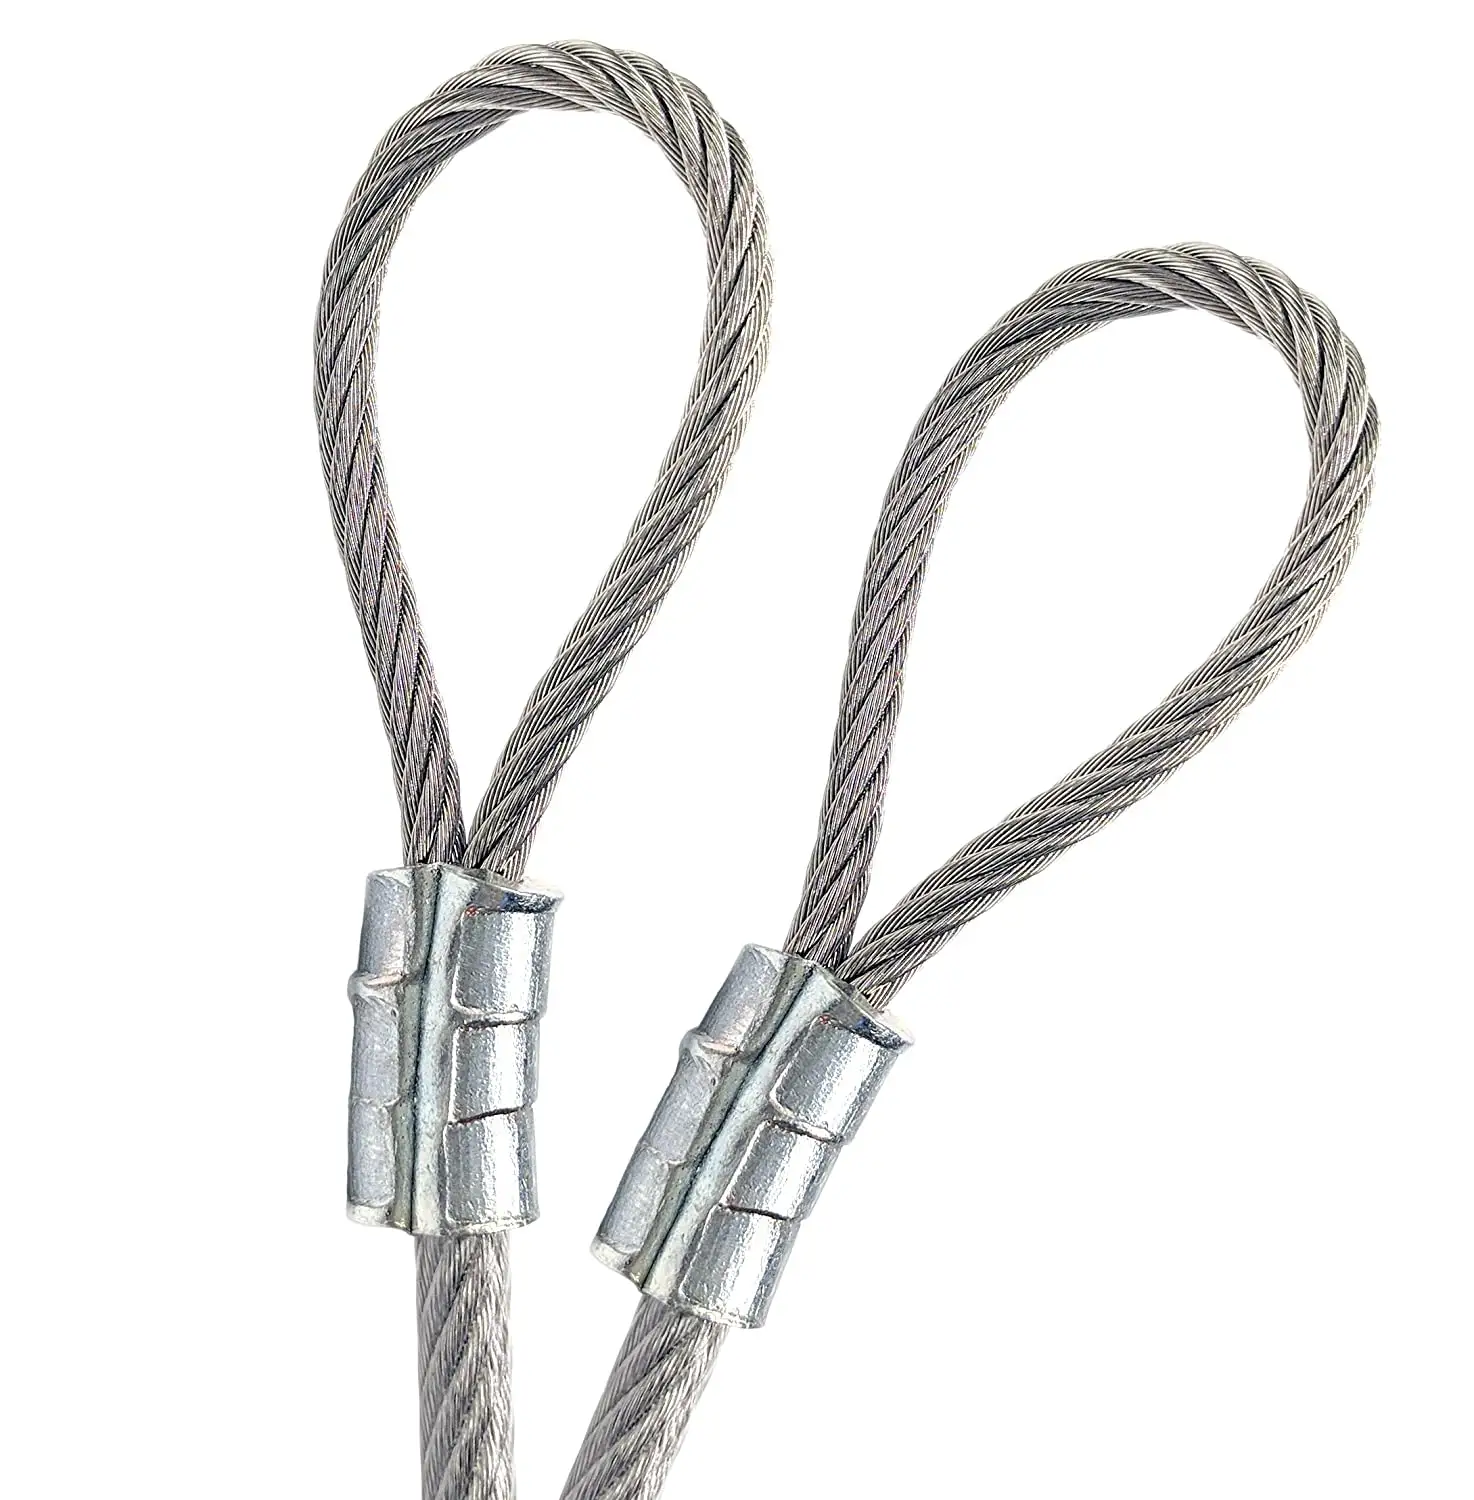 Aluminum Crimping Loop Sleeve Wire Rope Sleeves Double Barrel Ferrule for Wire Rope and Cable Line End
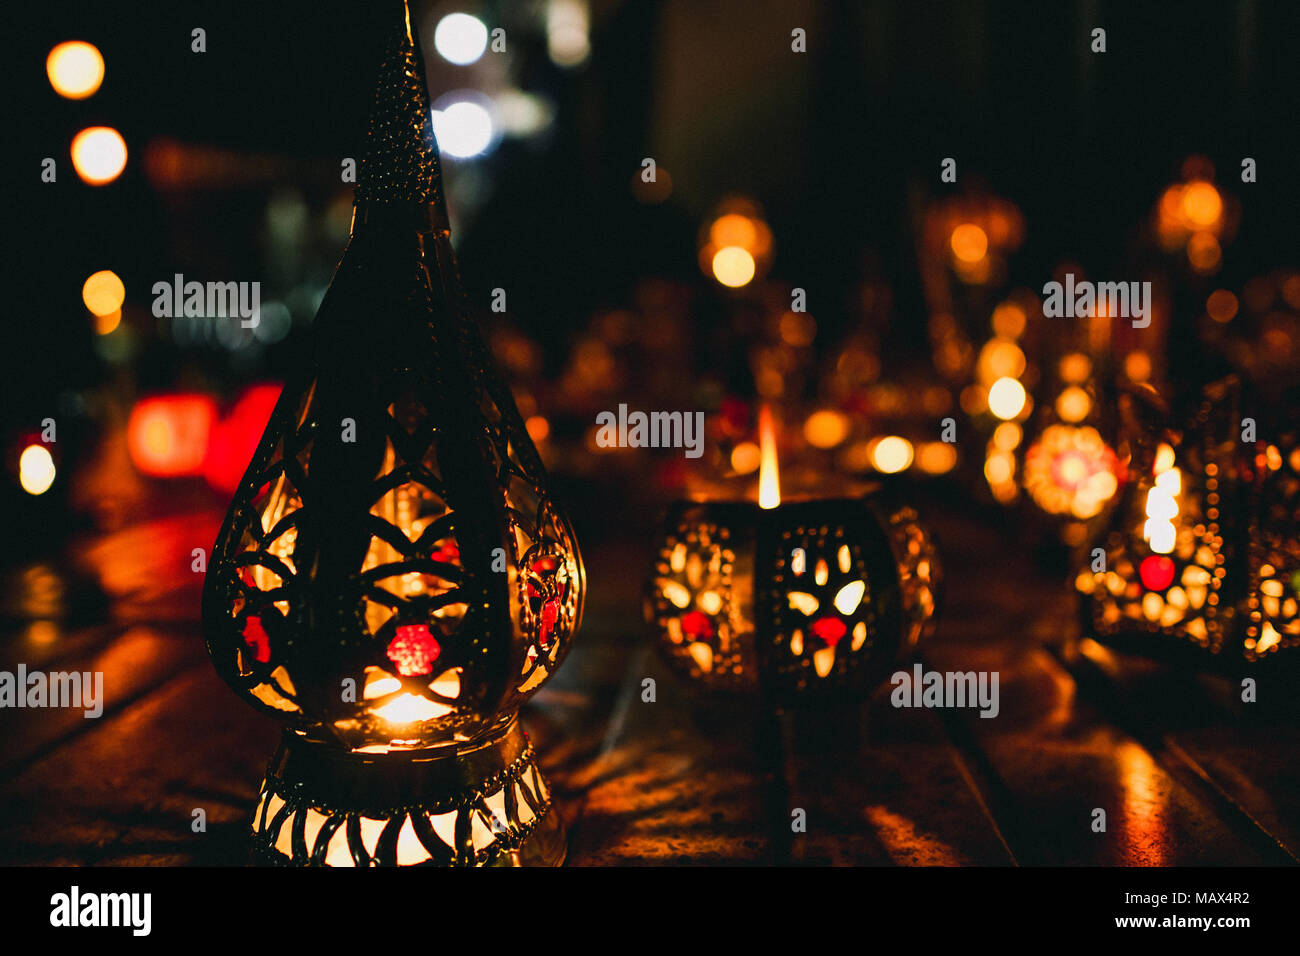 Some typical lamps in the streets of Marrakech, Morocco Stock Photo
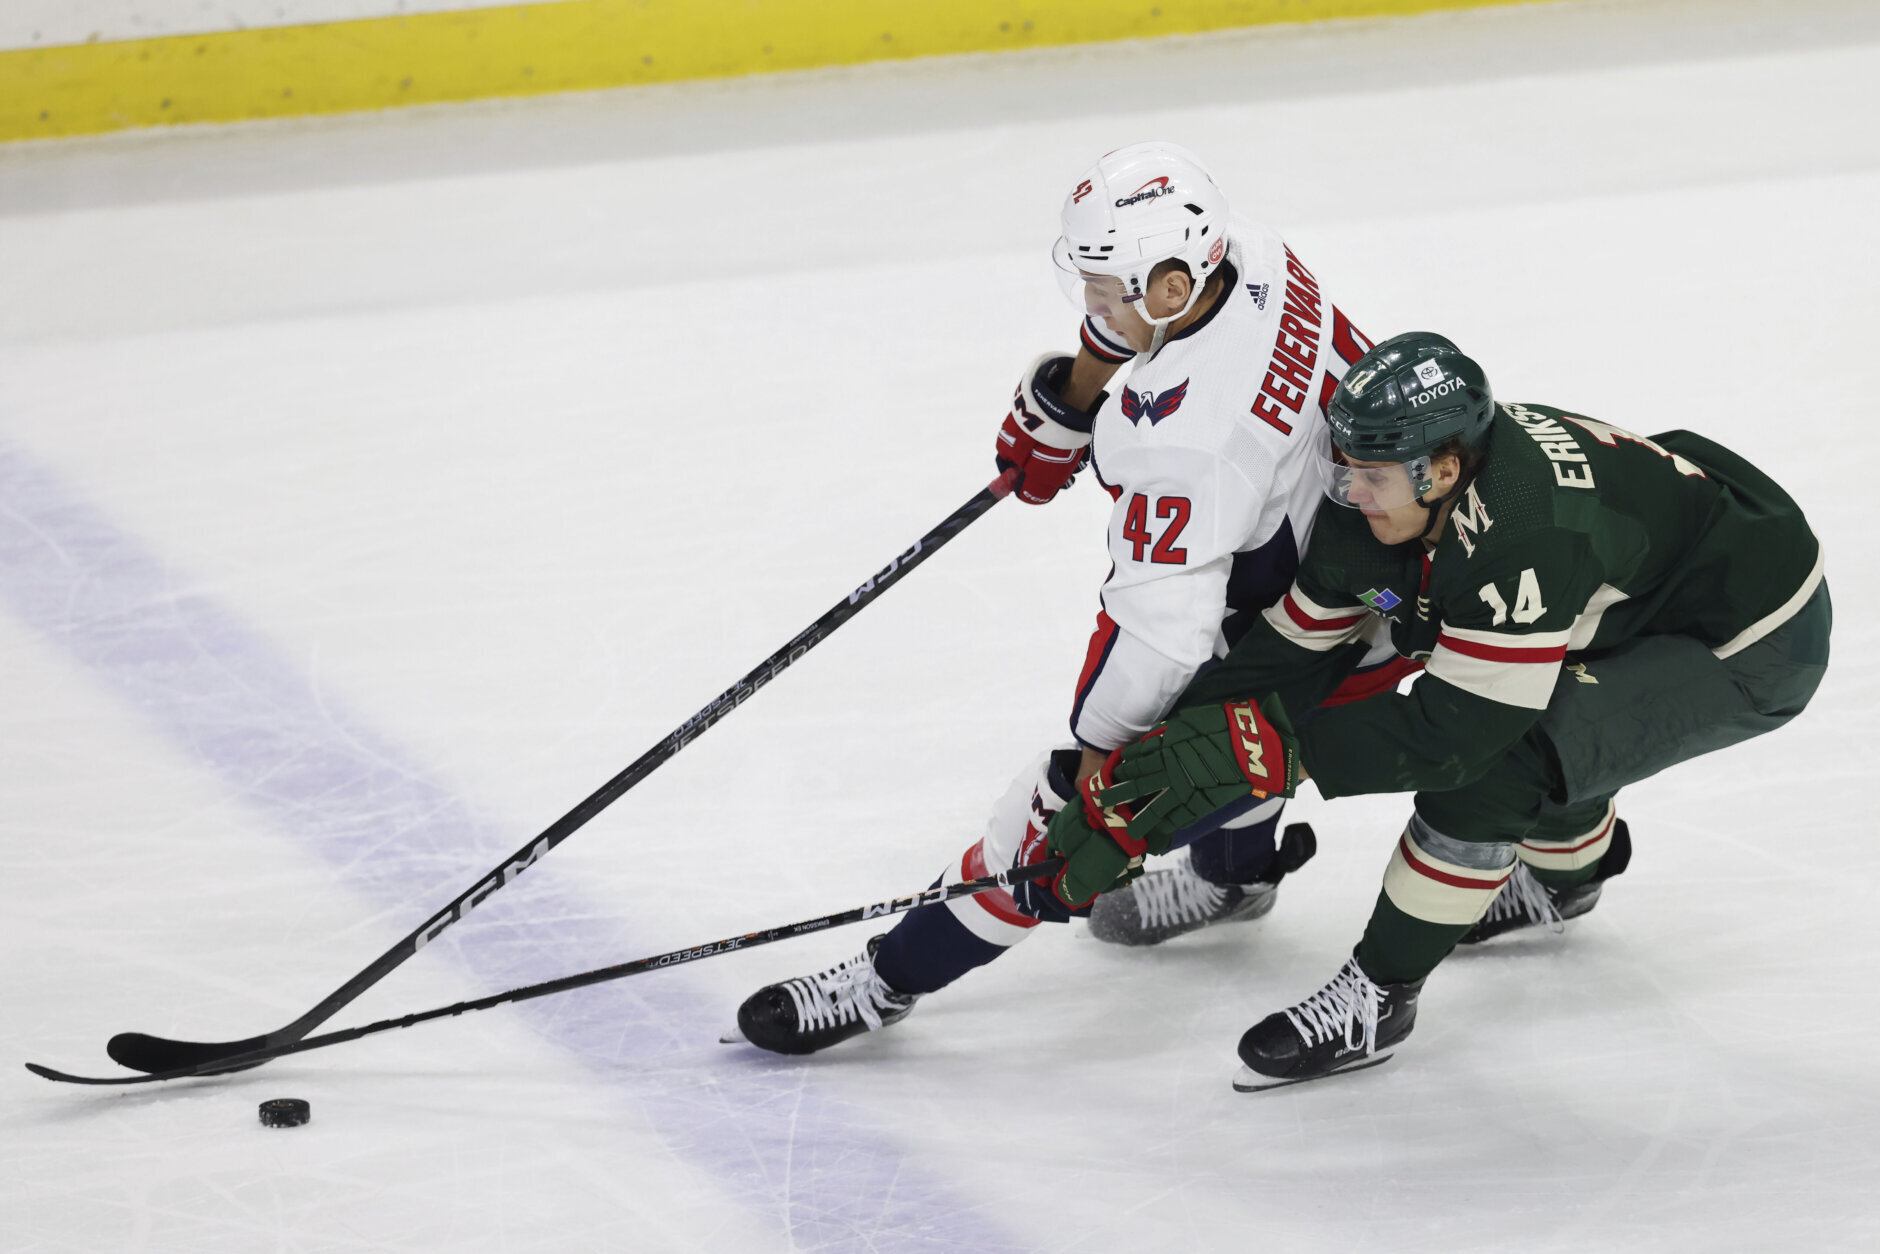 NHL roundup: Matt Boldy's first hat trick boosts Wild past Wings

+++

Directions >>
Repeat verbatim all the material, but not the pictures.

Result of this exercise >>
 Aluminum Crimping Loop Sleeve Wire Rope Sleeves Double Barrel Ferrule for Wire Rope and Cable Line End
 Some typical lamps in the streets of Marrakech, Morocco Stock Photo
 NHL roundup: Matt Boldy's first hat trick boosts Wild past Wings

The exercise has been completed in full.